Your Chance to Get “Up-Close and Personal” with Historic Preservation


One of the featured houses on King William Street is still a work in progress. Len Ambrosio told me he fell in love with the house, which was in serious need of repair. “Hell, no!” was Tim Ziegler’s first thought. With your ticket to the KWA Home Tour on Saturday, December 6, you can see for yourself how well they have succeeded in preserving the lovely Sanger House, built in 1906.


Six years ago, Len and Tim moved to San Antonio from Hawaii. Len would be taking a job at Ft. Sam. Tim’s real estate agent assured him that the property they got near 1604 and Culebra was close to Ft. Sam - not so. After four years, they decided to find an apartment to rehab and rent out. They had experience doing this before. A new real estate agent told them, “You guys need to be downtown.” They researched other historic districts and looked into the permitting process with the Historic and Design Review Commission (HDRC) before making a decision.

IMPORTANT LESSON: You need the right real estate agent.

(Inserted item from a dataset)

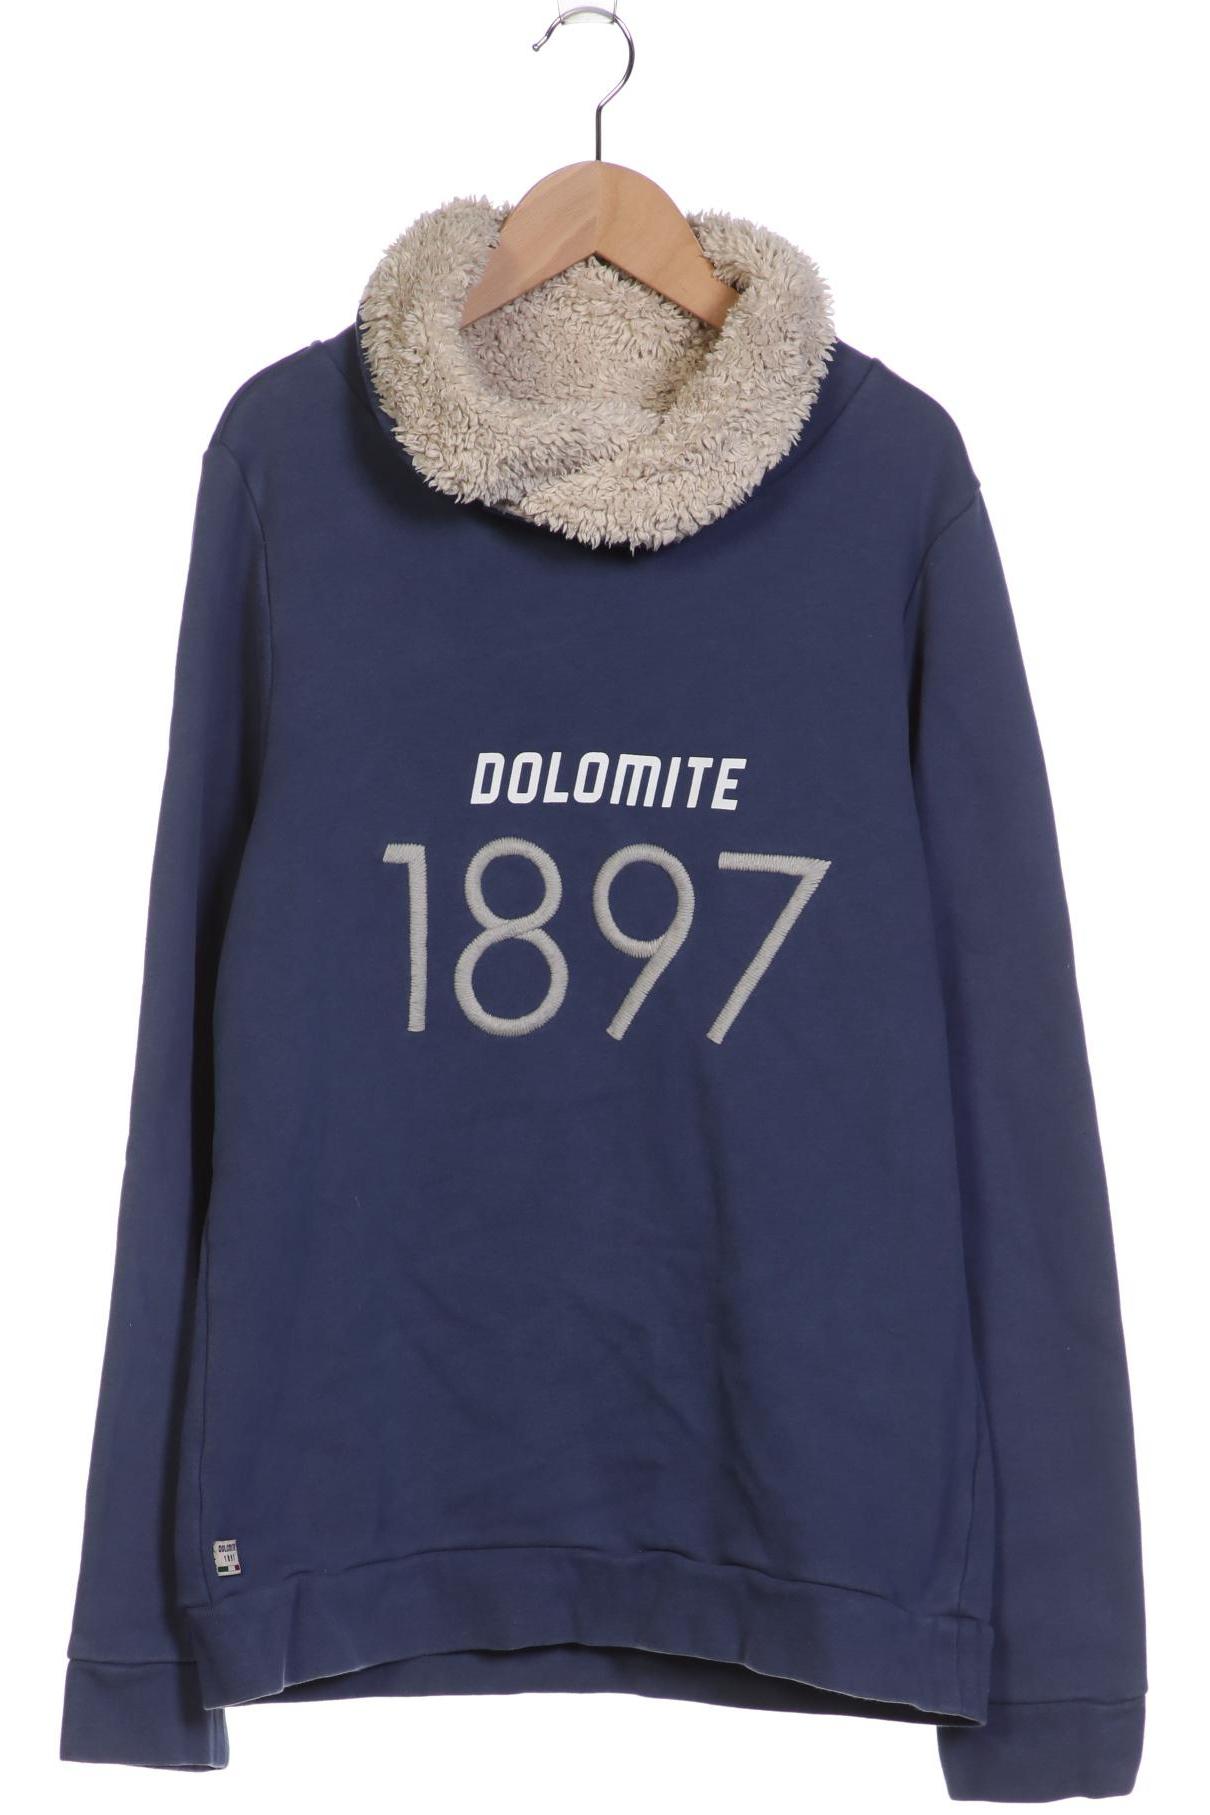 Dolomite Damen Sweatshirt, marineblau von Dolomite

Work on their new/old home has been a labor of love - lots of labor. Fortunately, both Tim and Len have the skills to do most of the work themselves. The research they did in advance helped them to avoid potential problems in working on an historic property. Their neighbor, Jessie Simpson, told them, “Focus on one room at a time, and don’t get depressed.” Jessie has restored three houses in King William, so knows whereof she speaks. She is also a Co-chair of this year’s Home Tour.

Neighbors have given them a lot of support and encouragement, becoming friends in the process. The former owner of the home, Carolene Zehner, has become a friend and frequent visitor. The process of permits, approval and renovation has been pretty smooth.

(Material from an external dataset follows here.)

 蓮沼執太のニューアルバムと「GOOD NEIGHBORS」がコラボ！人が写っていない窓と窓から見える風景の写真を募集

IMPORTANT LESSON: Do research before plowing ahead; get to know the neighbors and listen to their advice; get support from friends to carry you through the project.

The basic structure of the house was not changed, so Len and Tim did not need to hire an architect. They worked on the inside rooms first, before tackling the exterior. The first room they did was on the second floor, which became a comfy living room area. Eventually this will be turned into another bedroom. At this writing, they have yet to do the large attic space, the kitchen and the garage. The house is absolutely lovely. It is hard to imagine how challenging it was when they started. One fireplace on the first floor had actually sunk to the lower level.

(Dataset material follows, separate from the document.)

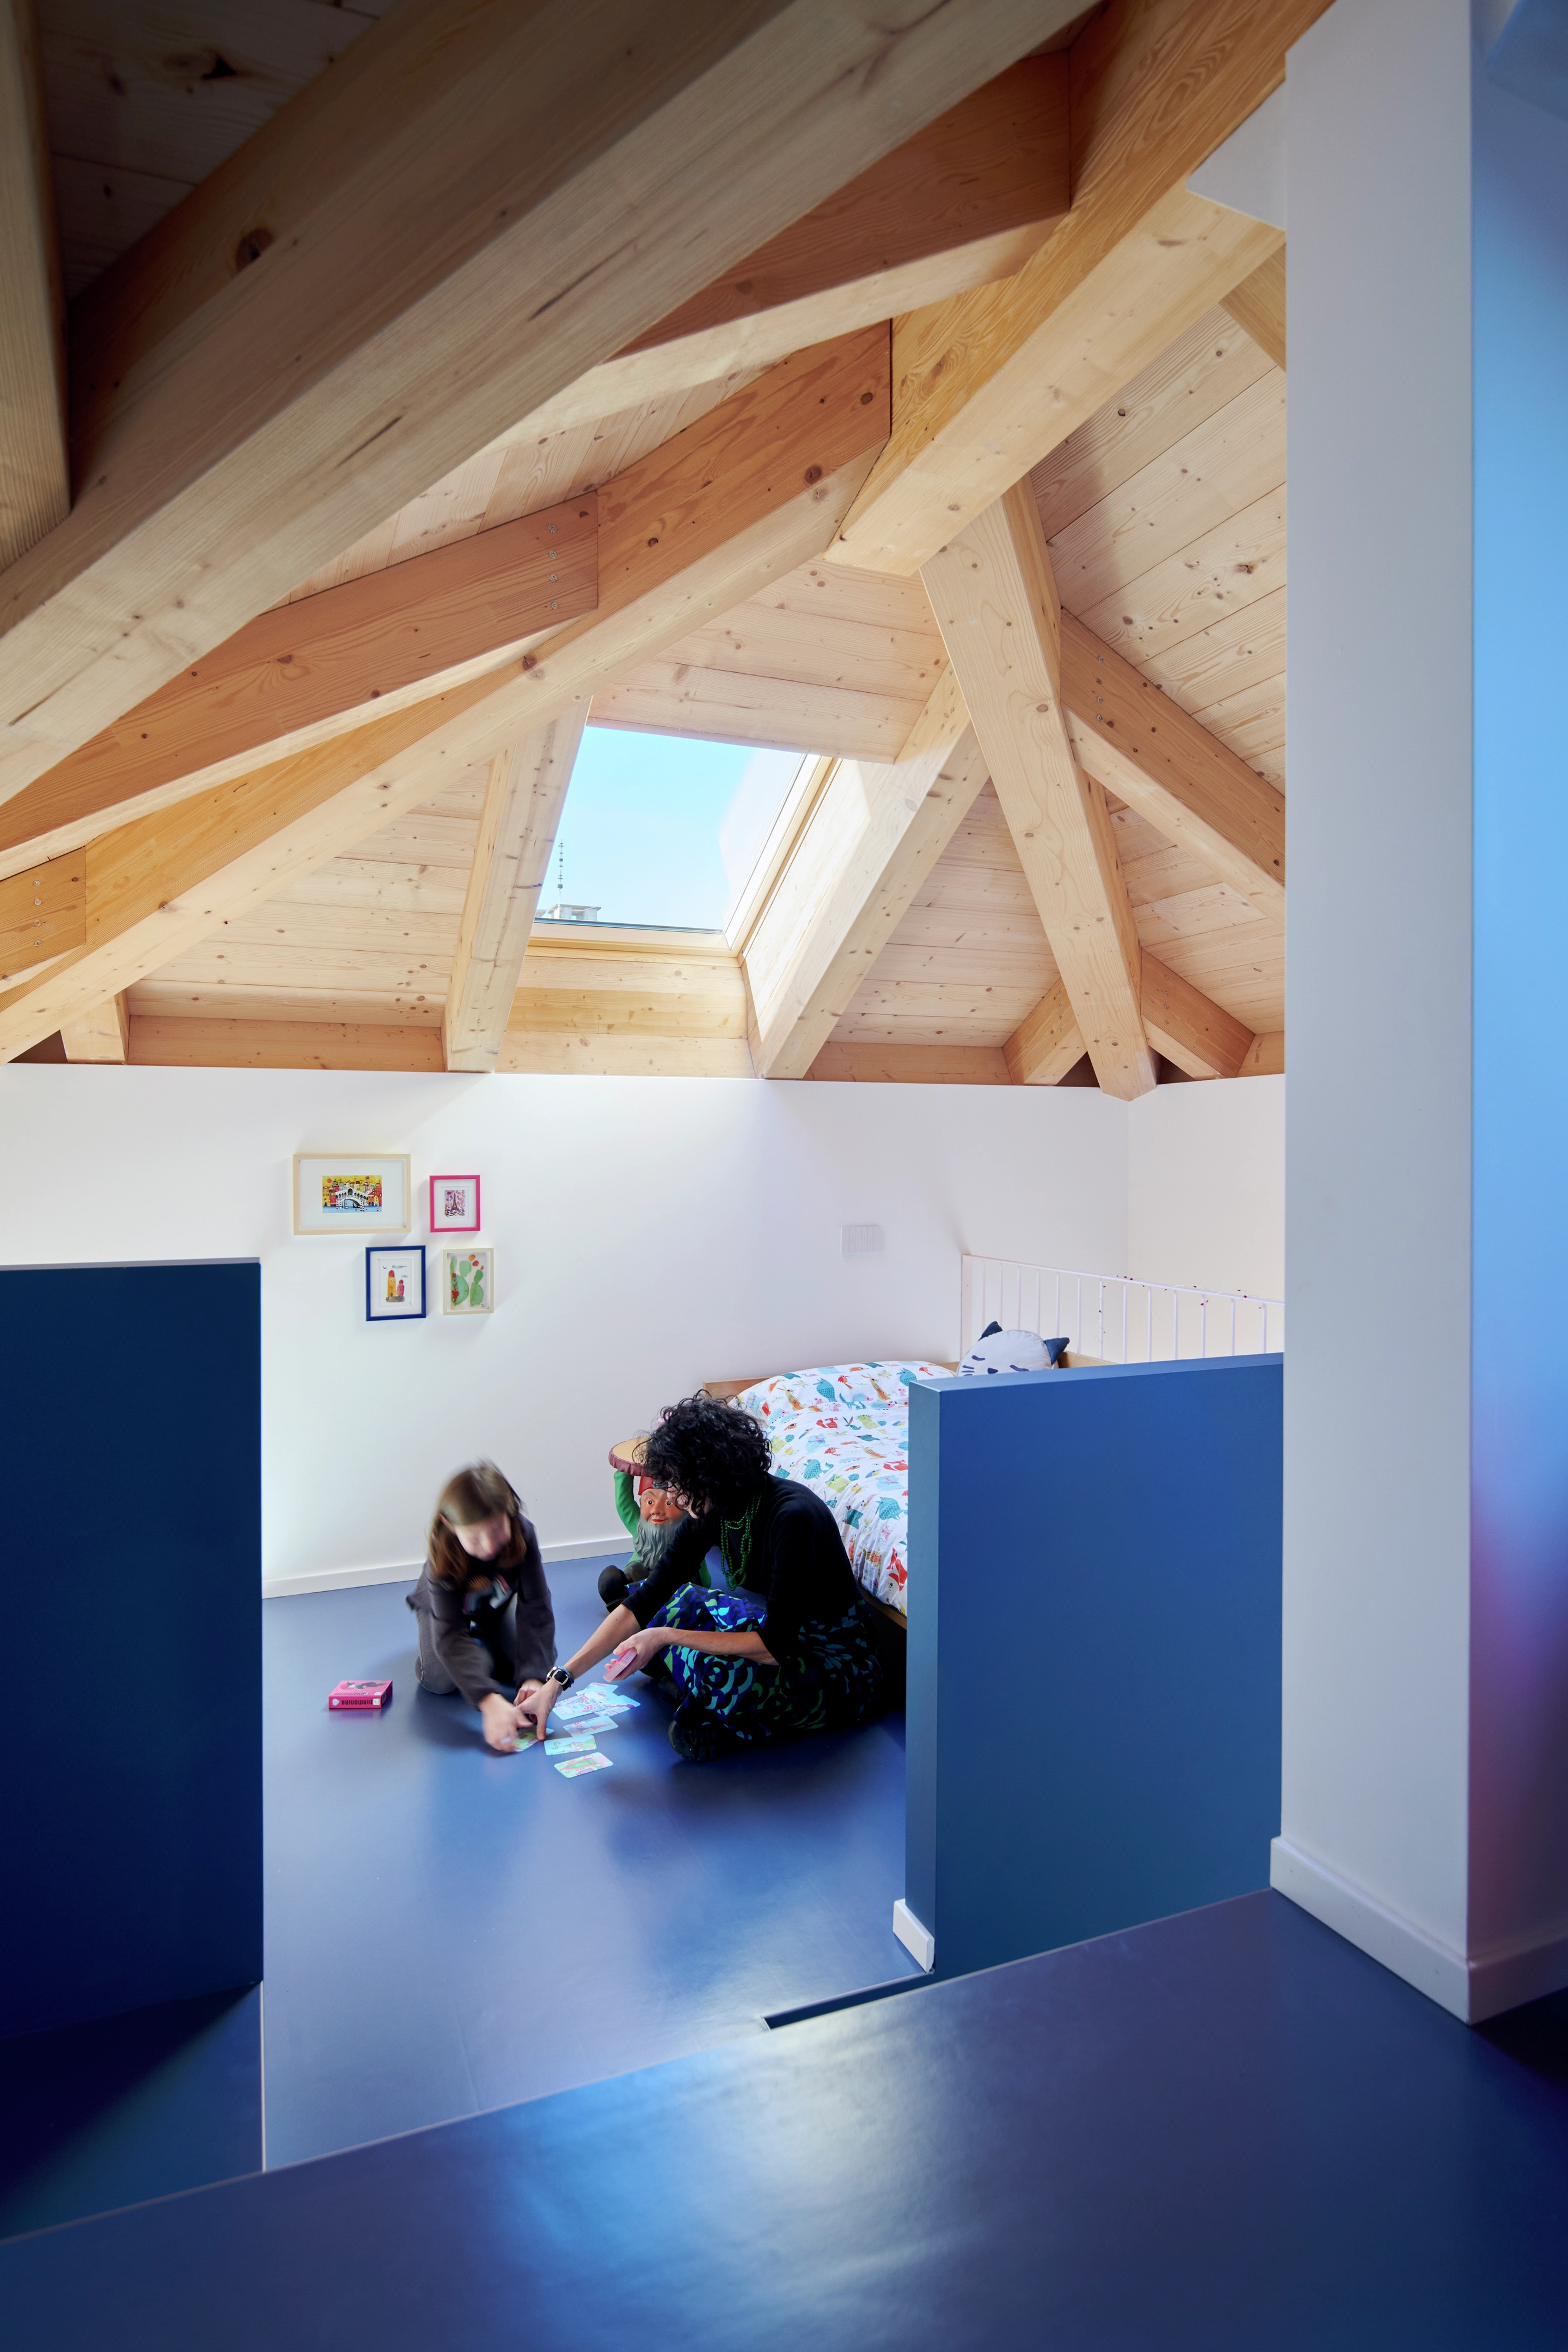 Salle de jeux dans le comble avec des poutres en bois et une fenêtre de toit VELUX, lit et espace de jeu.

The wooden floors, made of different types of wood, were in very bad shape. They found Joe Miller, who did an awesome job of restoring the floors. There had been a lot of termite damage. Len and Tim completely disassembled a gorgeous teardrop chandelier, cleaned it, and put it back together. It is stunning in their dining room. On the first floor, they retained the original picture rail and added additional trim to the walls. They furnished each room as it was completed. On average, each room took about a month to complete.

IMPORTANT LESSON: Sign up with a pest control service ASAP – this is Texas!

Tim can’t imagine how anyone could live here without heating and air conditioning, so they added that first thing. They started on the exterior of the house after much of the interior was done. They scraped down the trim paint and uncovered only three layers of paint. The original color was a yellow that Tim figures had faded over time. The yellow they chose to paint is bright and more intense. The gutters needed to be replaced, so they decided to replace the asphalt shingle roof, choosing brown instead of the original green.

IMPORTANT LESSON: Restoration of historic homes is possible without too many hassles.

The costs of the restoration are higher than they anticipated. It is fortunate that they have the skills and willingness to do much of the work themselves, saving a lot of labor cost. Len said, “You have to love the area and love restoring houses.” Tim added, “Don’t run out of money. A passerby asked, ‘You bought the house? I hope you’re rich!’ We are not, but we save everything and reuse it where we can.”

Len was impressed by how these homes were built 100 and more years ago. Tim feels great respect for the workmanship of the original builders. They learned a lot.

VERY IMPORTANT LESSON: Expect to spend twice as much money and time as you think the project will take, and enjoy the adventure!